He cut you off when you said Paula Dean was in your soul...He kicked you out when "Paula" started eating random peoples food
Eventually the creepy theater major quirks will come out. Probably in bed. Like role playing as the Phantom of the Opera
You yelled "sharpie war!" then jammed it in her ear
The two guys from next door helped him do a backflip. The ended up throwing him halfway through a ceiling tile. Don't worry, we fixed it with duct tape.
Restaurants Roasting People Who Gave Them Negative Yelp Reviews (25 Pics)
Within 24 hours, I went to a feminist documentary screening with two state reps and you hate fucked a rent-a-cop on the helipad of your hospital. Somewhere our lives went in different directions.
I still make more money.
I'm eating those little wheels of cheese and watching storage wars, this is the opposite of sex.

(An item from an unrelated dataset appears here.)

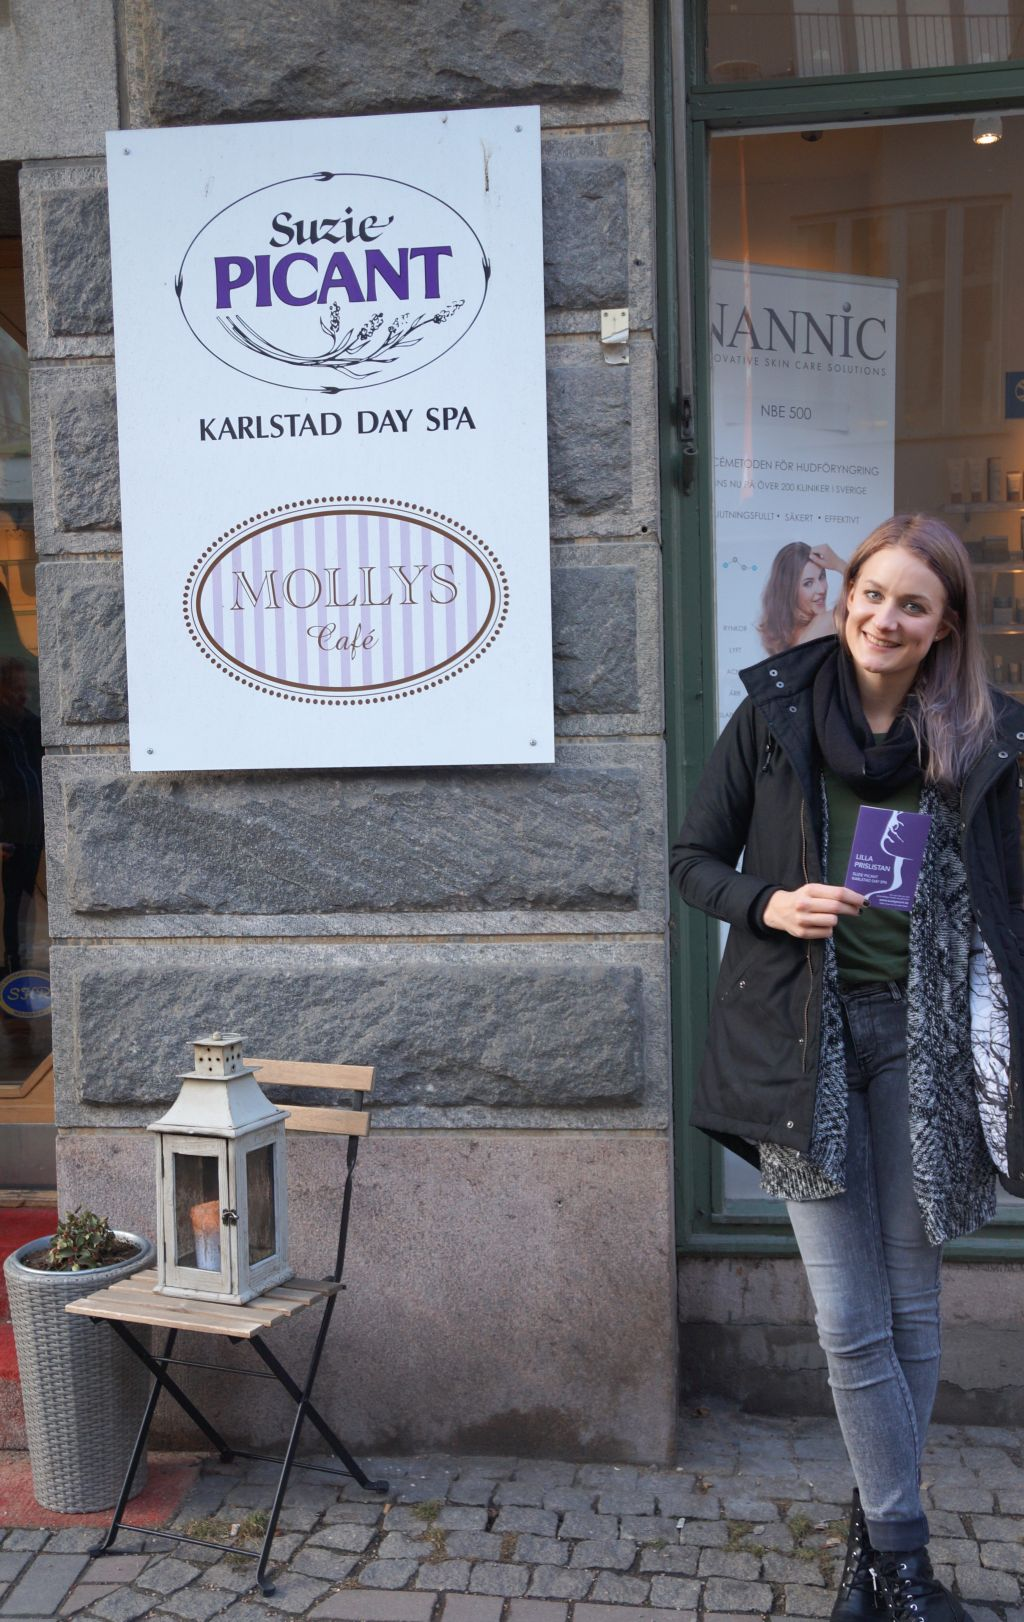 Norway Chat Room Escort Netherland

I need to be more functional. That doesn't mean I'm going to drink less, I just need to wake up and shit
The guy behind me is talking about how his life goal is to use his knowledge of mathematics to make the world a better place. My only life goal right now is getting through this lecture without throwing up in my lap.
I think he just tried to put your boyfriend in a trashcan....
Woman Posts Harassing DMs From Creep Online, Now He’s Upset Because People Told His Mom
Where are you on a scale from one to wasted?
Like alphabetically I'd say a v
all I've ever wanted was a guy with twelve cats who will tie me up in bed
They both showed up at the same time... to surprise me. One had flowers and the other had chocolates. Needless to say, I will be at the bar all weekend long trying to figure out how this happens.
Just realized that I indirectly pay for sex through my cable bill
Wow. He is an expensive lay
I still have to figure out the cost per lay. It could be a financially sound investment
Dude I had my dad cock block me once
No one can touch me, I'm made of fruit.